→ **The problem**
Skip pictures in the listing below; copy exactly the lines from the one with "粉红色 - 50688957" through the one with "aster breakfast - ham and egg hot cross buns", inclusive.

→ **Raw data**
*** Begin section ***

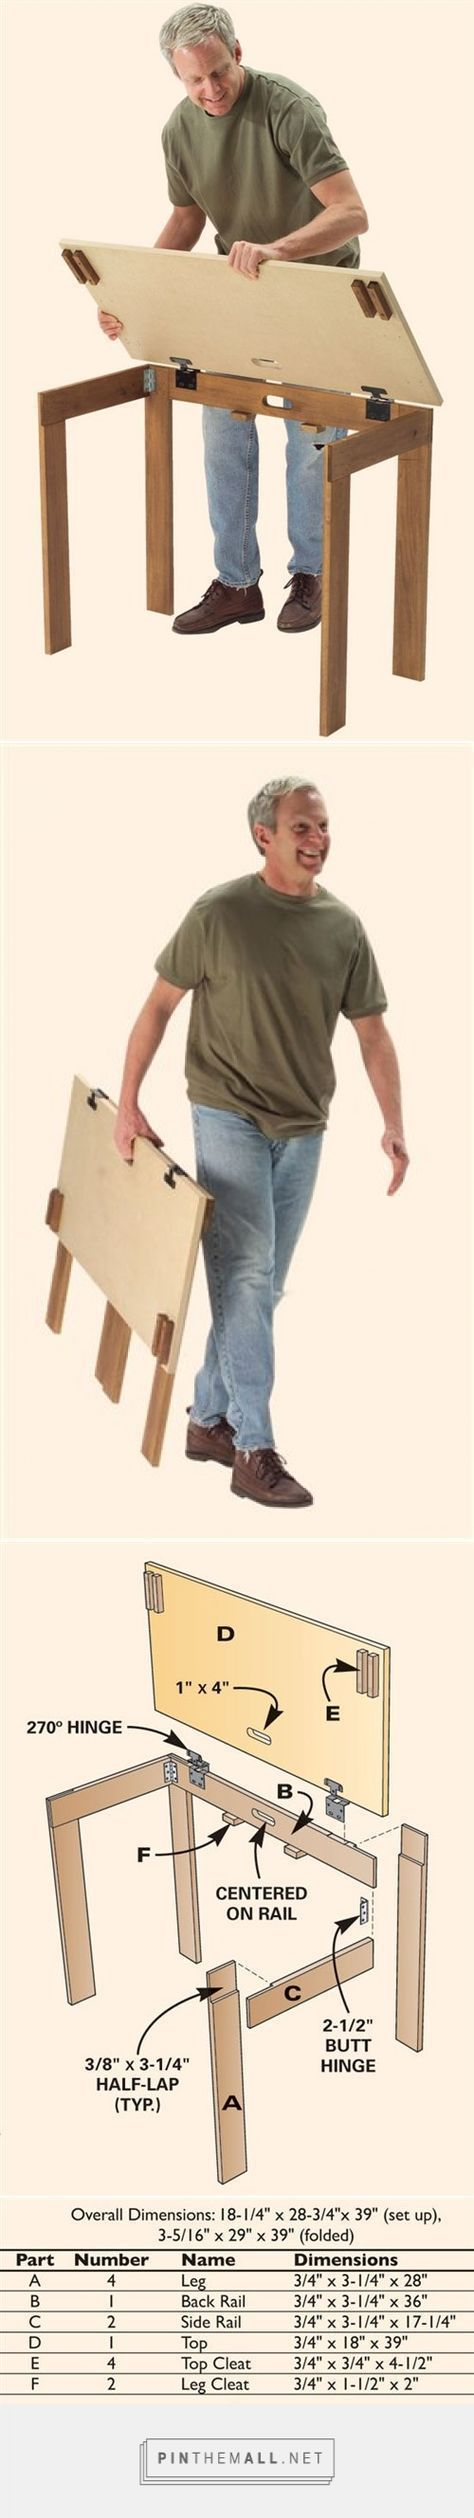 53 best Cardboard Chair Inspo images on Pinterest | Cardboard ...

*** End section ***
*** Begin section ***

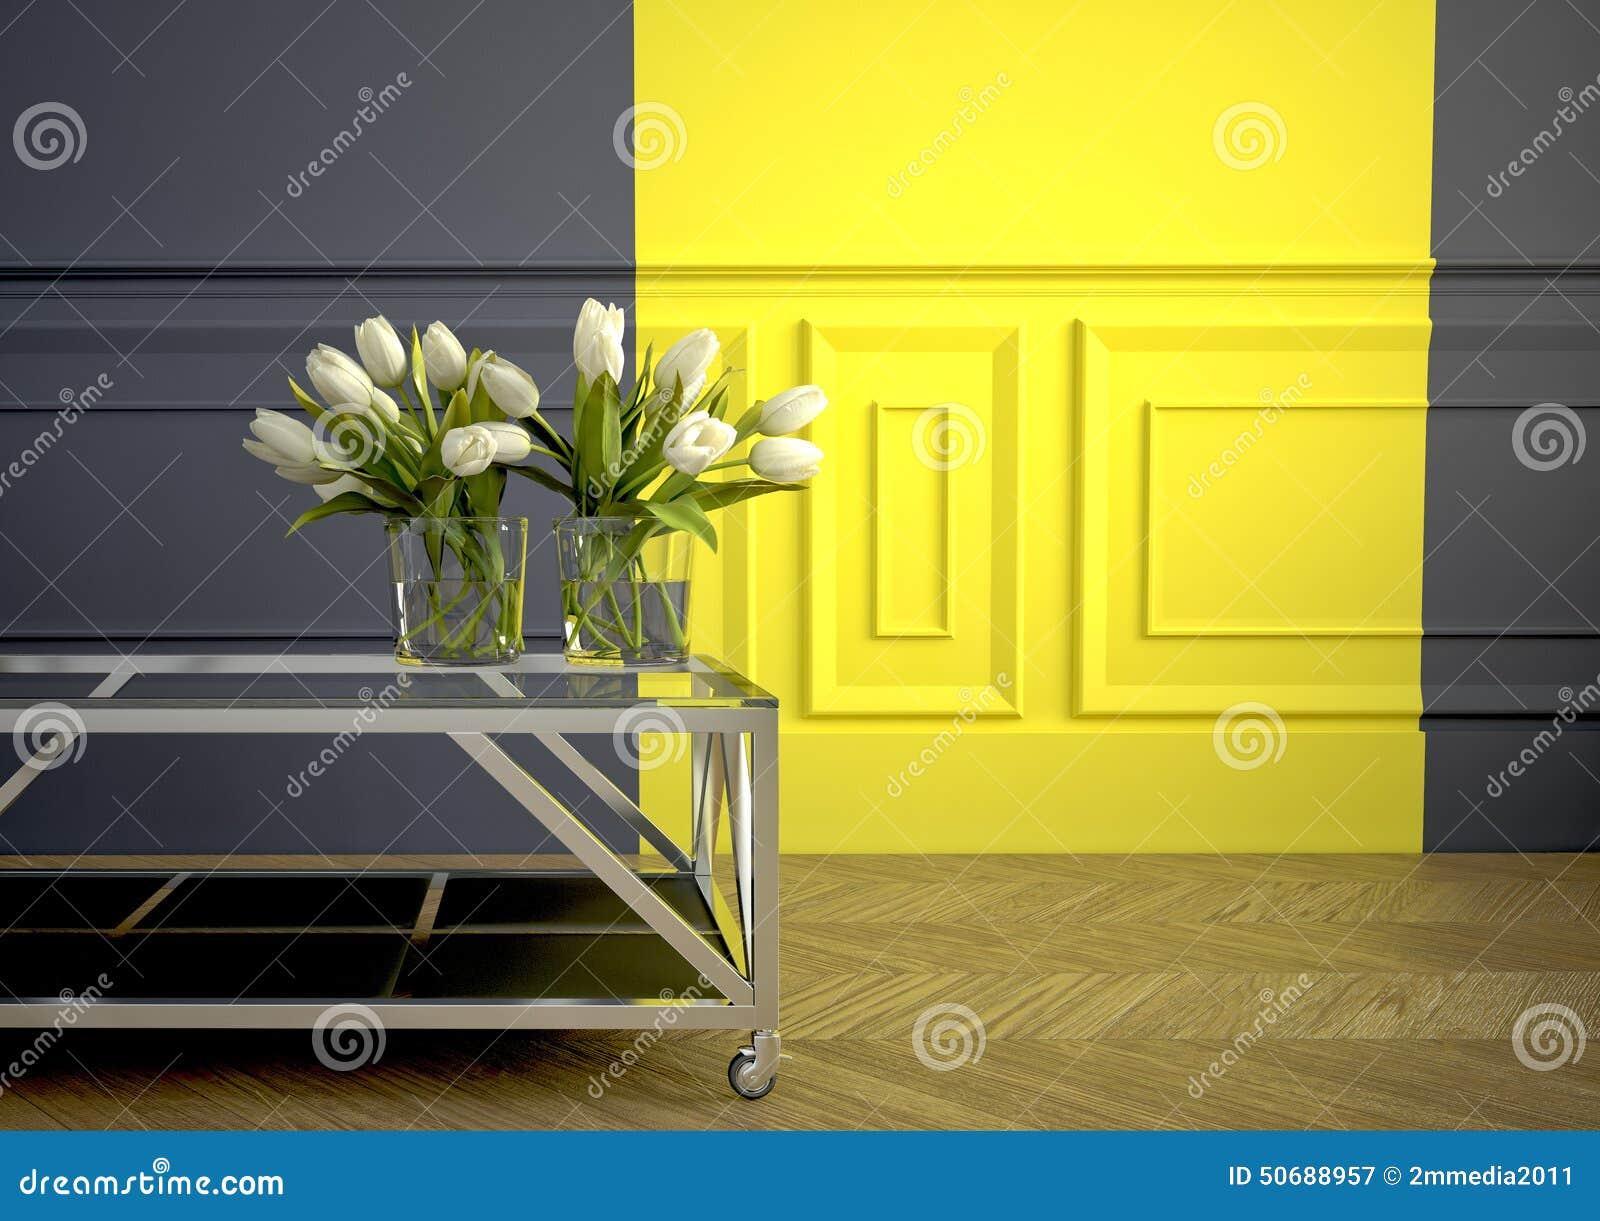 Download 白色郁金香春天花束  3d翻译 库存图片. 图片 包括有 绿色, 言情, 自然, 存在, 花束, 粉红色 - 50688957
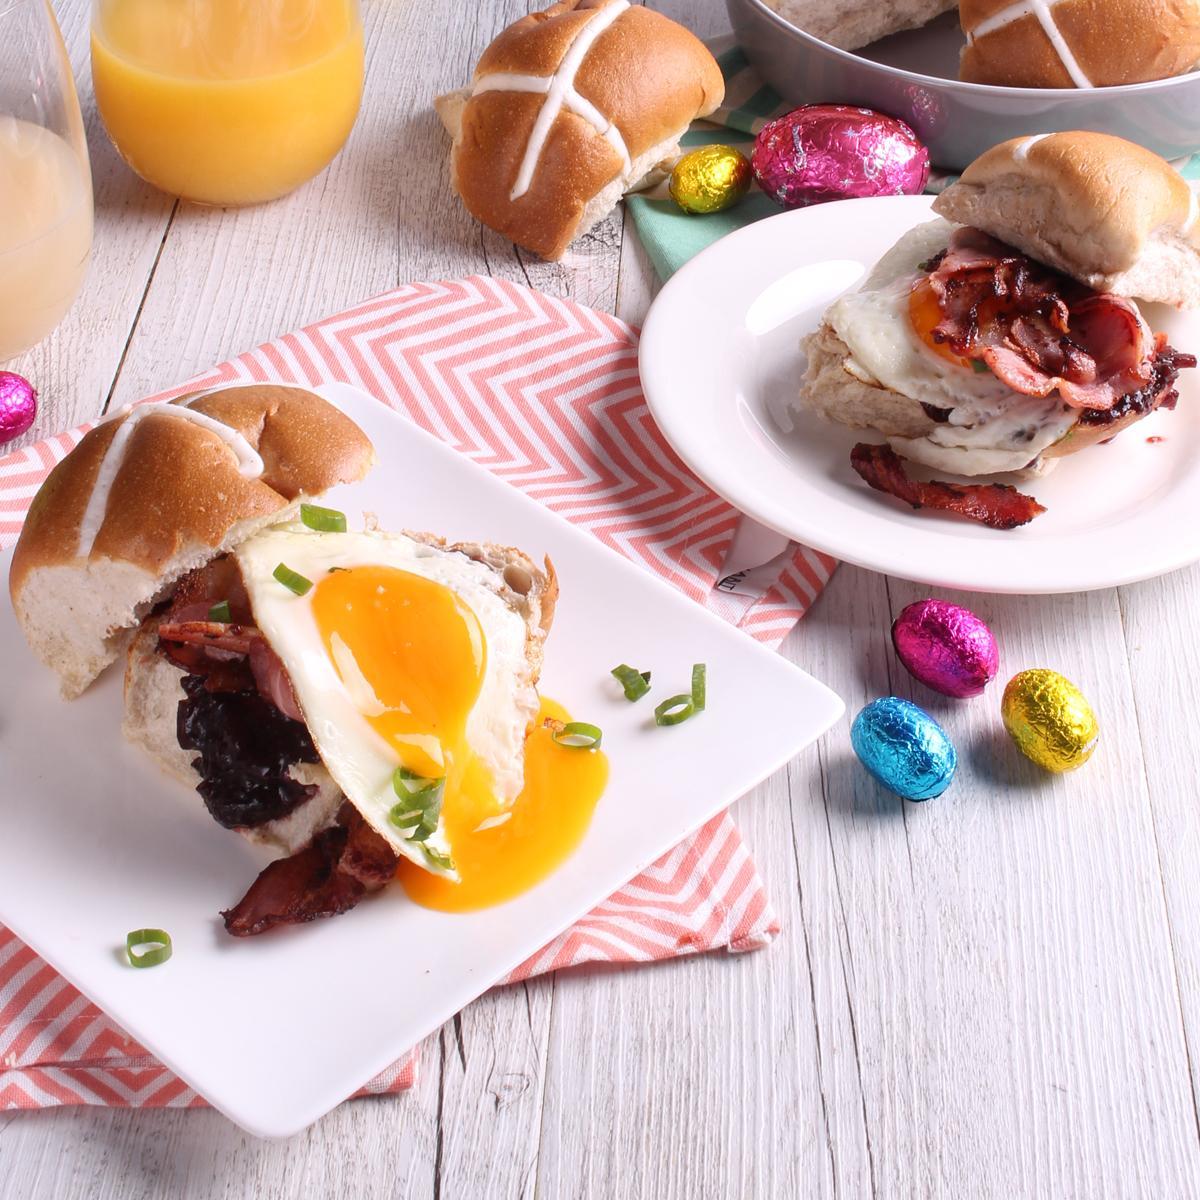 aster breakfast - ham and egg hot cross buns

*** End section ***

→ **Exercise response**
 Download 白色郁金香春天花束  3d翻译 库存图片. 图片 包括有 绿色, 言情, 自然, 存在, 花束, 粉红色 - 50688957
 aster breakfast - ham and egg hot cross buns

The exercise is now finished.